Car: Pontiac GTO “Judge” Hardtop Coupe
Year: 1970
What makes it special: The first generation of the GTO was a muscle car produced in the 1960’s and the 1970’s. Although there were muscle cars introduced earlier than the GTO, the Pontiac GTO is considered by some to have started the trend with all four domestic automakers offering a variety of competing models. The GTO became a separate model from 1966 to 1971 (VIN 242…). It became an optional package again for the 1972 and 1973 intermediate Le Mans.
What made it famous: For the 1970 model year, hidden headlights were deleted in favor of four exposed round headlamps outboard of narrower grille openings. The nose retained the protruding vertical prow theme, although it was less prominent. The GTO retained the Endura urethane cover around the headlamps and grille. As originally conceived, the Judge was to be a low-cost GTO, stripped of features to make it competitive with the Plymouth Road Runner. The package was more expensive than a standard GTO, and included Rally II wheels without trim rings, Hurst shifter with a unique T-shaped handle, wider tires, various decals, and a rear spoiler. Pontiac claimed that the spoiler had some functional effect at higher speeds, producing a small but measurable downforce, but it was of little value at legal speeds.
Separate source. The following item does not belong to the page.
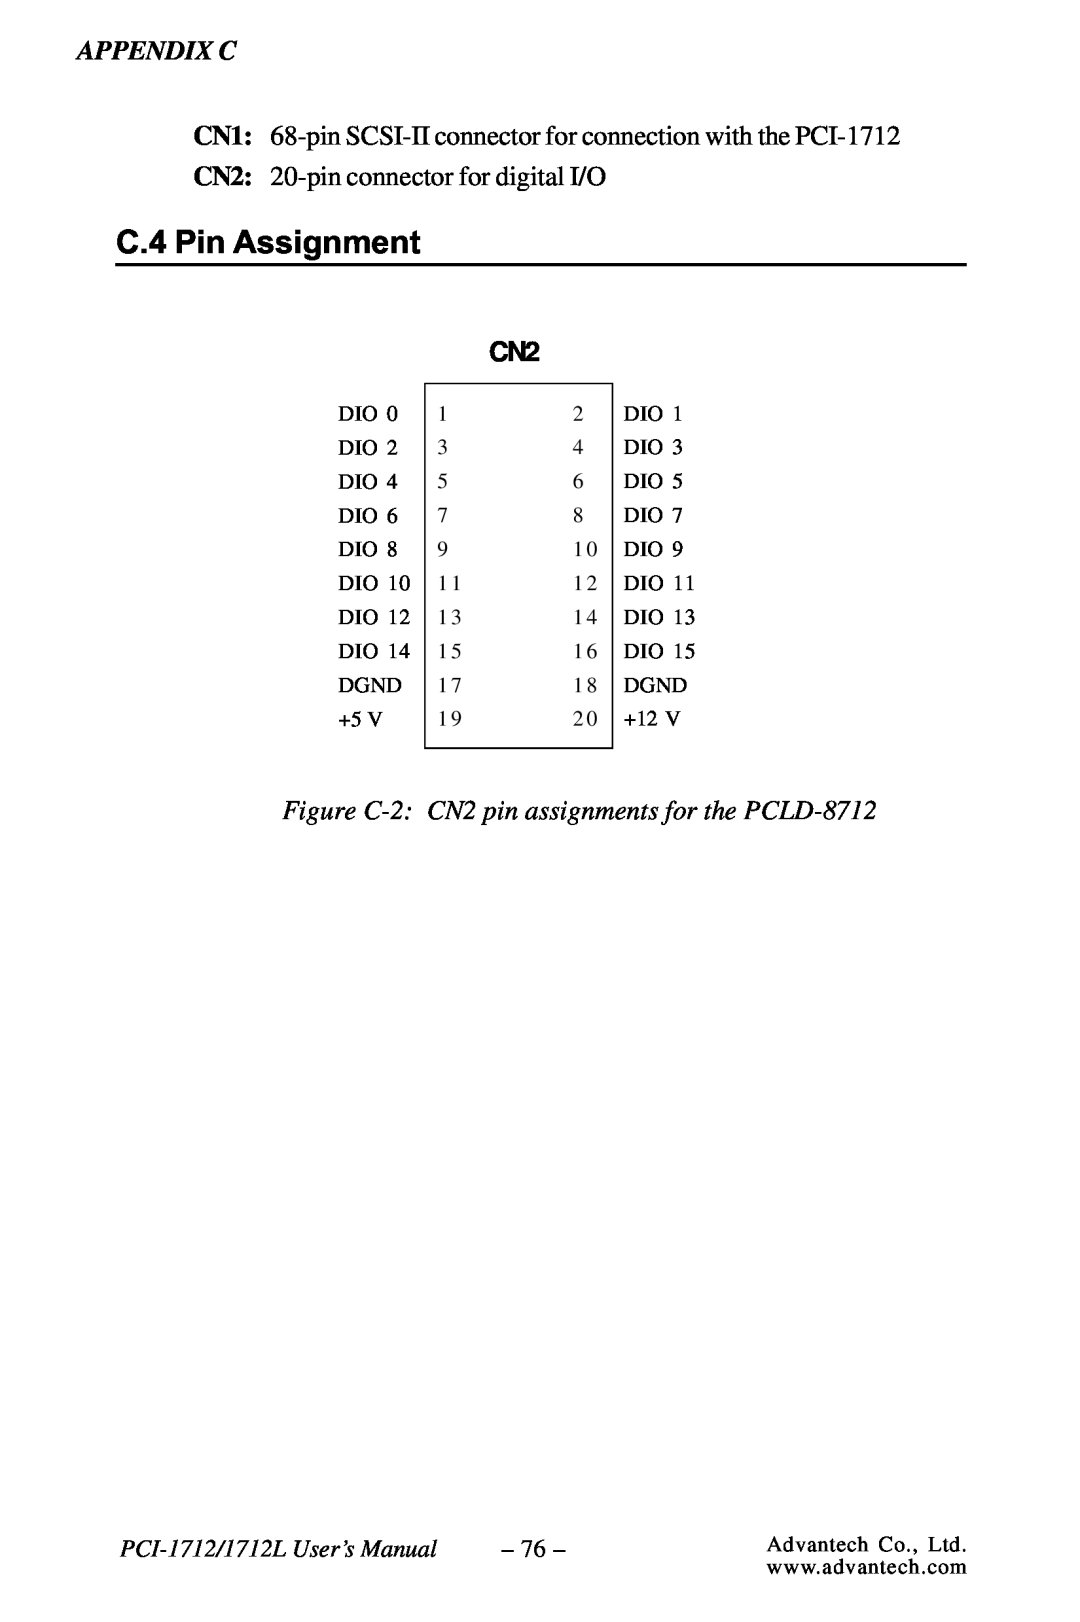 Konica Minolta PCI-1712L user manual C.4 Pin Assignment, Figure C-2 CN2 pin assignments for the PCLD-8712, Appendix C 
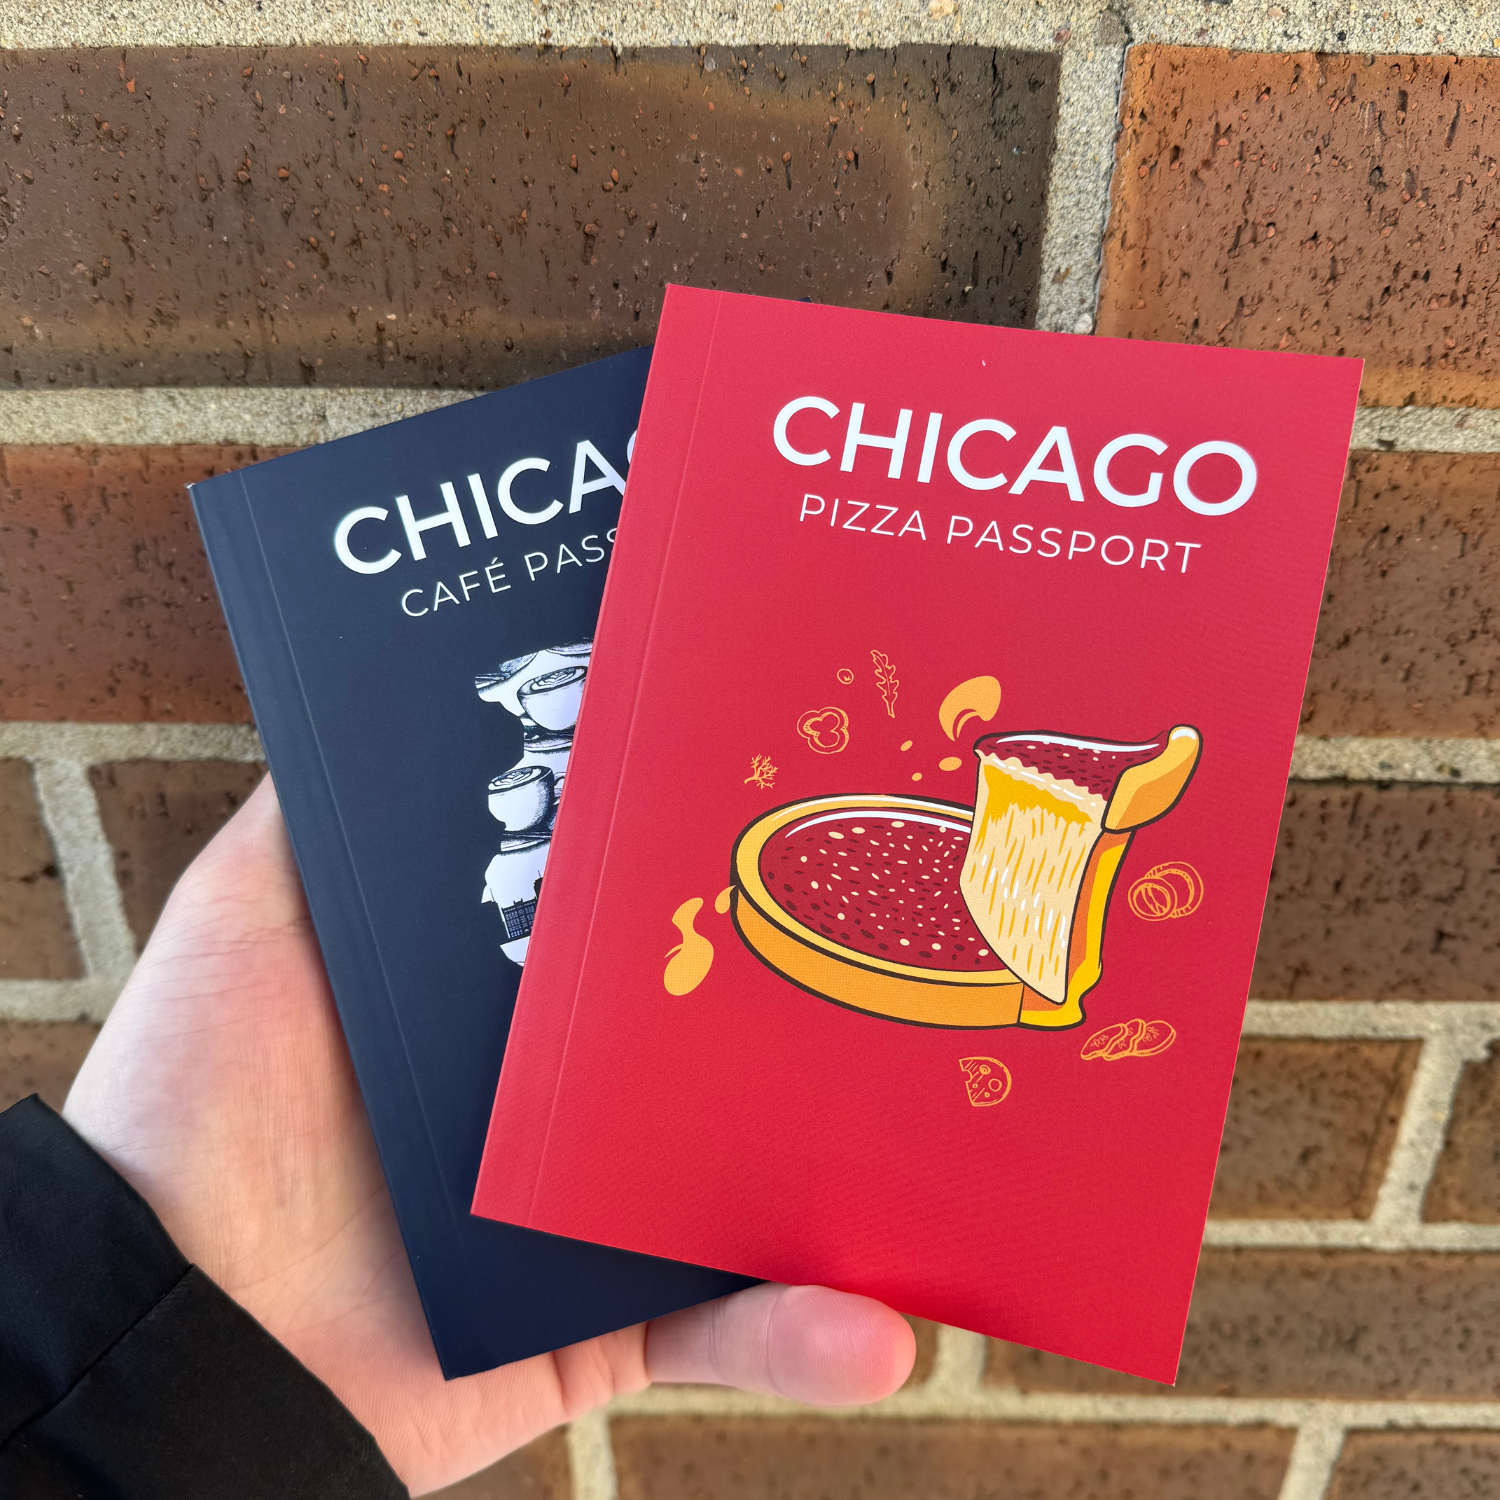 Chicago Pizza Passport and Cafe Passport

The Judge remained available as an option on the 1970 GTO. The Judge came standard with the Ram Air III, while the Ram Air IV was optional. Though the 455 CID was available as an option on the standard GTO throughout the entire model year, the 455 was not offered on the Judge until late in the year. Orbit Orange, which was actually a bright canary yellow became the new feature color for the 1970 Judge, but any GTO color was available. Striping was relocated to the upper wheel well brows.
Why I would want one: It’s a special variant of the GTO, and is just cool.
Fun fact: The name came from a comedy routine, “Here Come de Judge”, used repeatedly on the Rowan & Martin’s Laugh-In TV show. The Judge routine, made popular by comedian Flip Wilson, was borrowed from the act of long-time burlesque entertainer Dewey “Pigmeat” Markham. Advertisements used slogans like “All rise for the Judge” and “The Judge can be bought”.